The 'NORMAgene' package enables normalization of raw quantitative reverse transcription polymerase chain reaction (qRT-PCR) crossing threshold (CT) values using the NORMAgene data-driven normalization algorithm originally described by Heckmann et al. (2011). The NORMAgene algorithm uses within experimental condition least squares fits to estimate per-replicate technical variance and generate corresponding scaling factors that are ultimately applied for normalization. Normalization is reference gene agnostic, and can be carried out on data from as few as five target genes.

Details

The primary user-facing function is norma_gene(), which is suitable for most standalone single experiment normalization workflows. norma_gene() applies the NORMAgene normalization algorithm to raw CT values provided via an input data frame appended with requisite experimental metadata. In addition to generating normalized CT values, the ratio of standard deviations-based relative variability metric originally described by Heckmann et al. (2011) is also calculated, both within target genes and experimental conditions, which users can employ to evaluate the effect of normalization on CT variability. This metric represents the proportional change in CT-value standard deviation pre to post normalization, with values of less than one indicating a reduction in variance as a result of normalization, and values of greater than one indicating an increase in variance as a result of normalization. The scaling factors applied for normalization can be accessed using correction_factors(), while relative variability metrics can be accessed using relative_variability().

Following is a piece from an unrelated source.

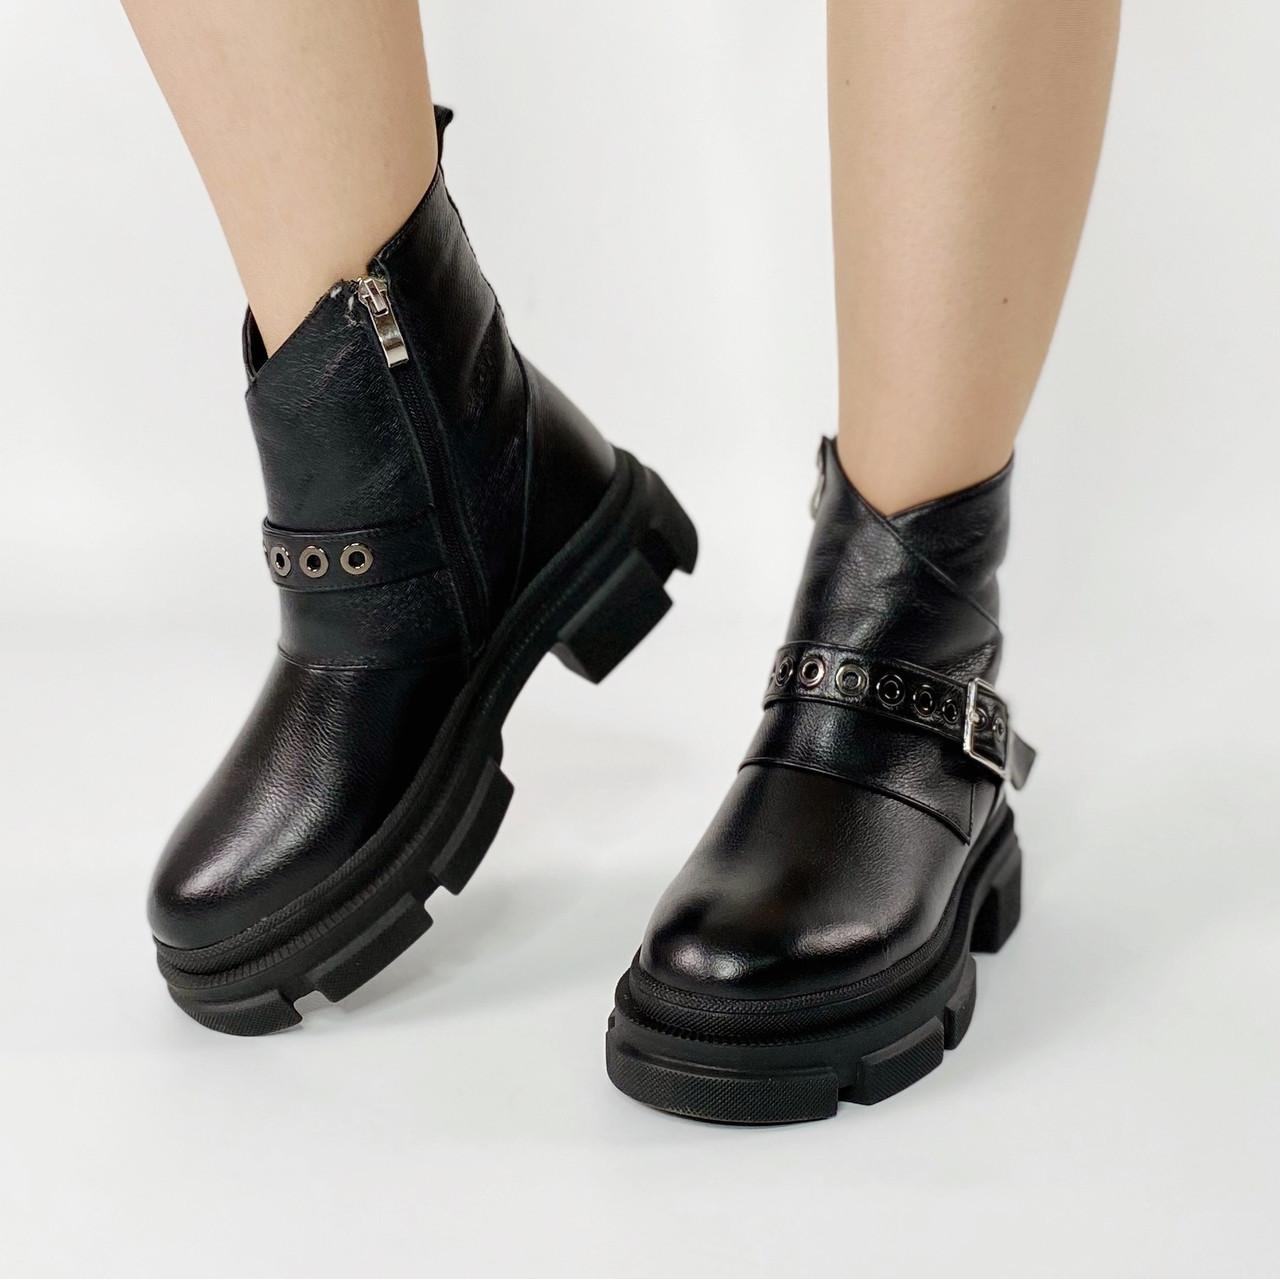 Ботинки женские кожаные черные с ярким ремешком MORENTO зимние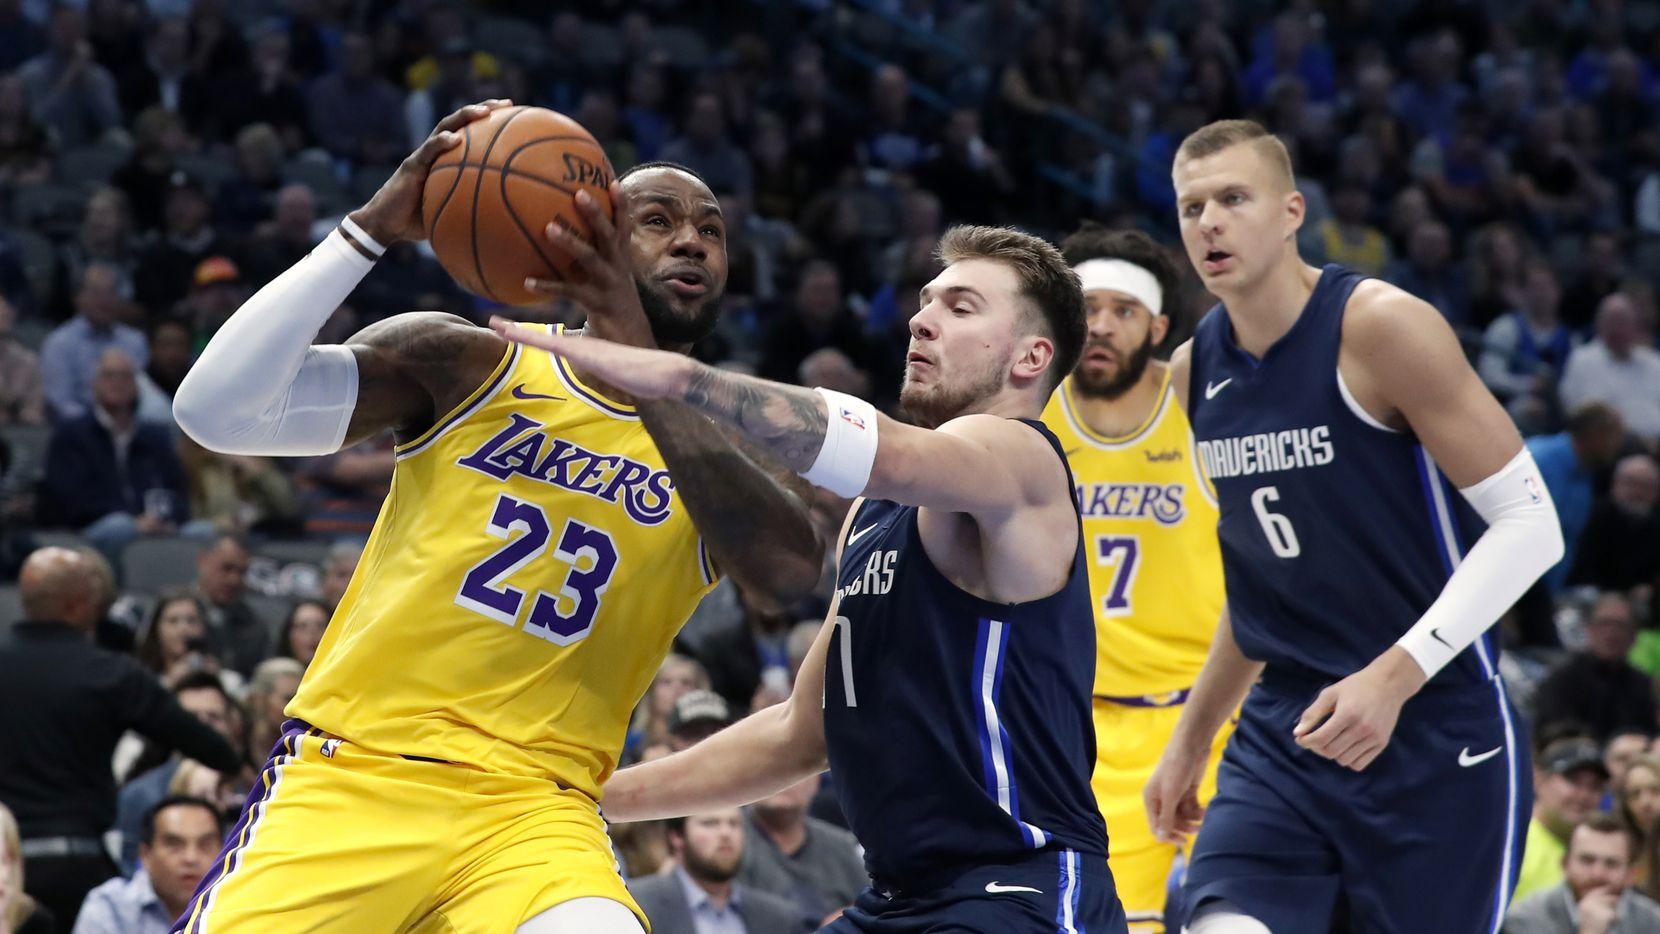 Núcleos jóvenes de la NBA

Note: norma_gene_core() provides matrix-based execution of the NORMAgene algorithm and is internally called by norma_gene(). While use of norma_gene() is recommended in a majority of situations, directly calling norma_gene_core() may afford advanced users a lightweight option for cleaner integration into larger post-analytical pipelines. norma_gene_core() is not exported and can only be called using the internal namespace operator.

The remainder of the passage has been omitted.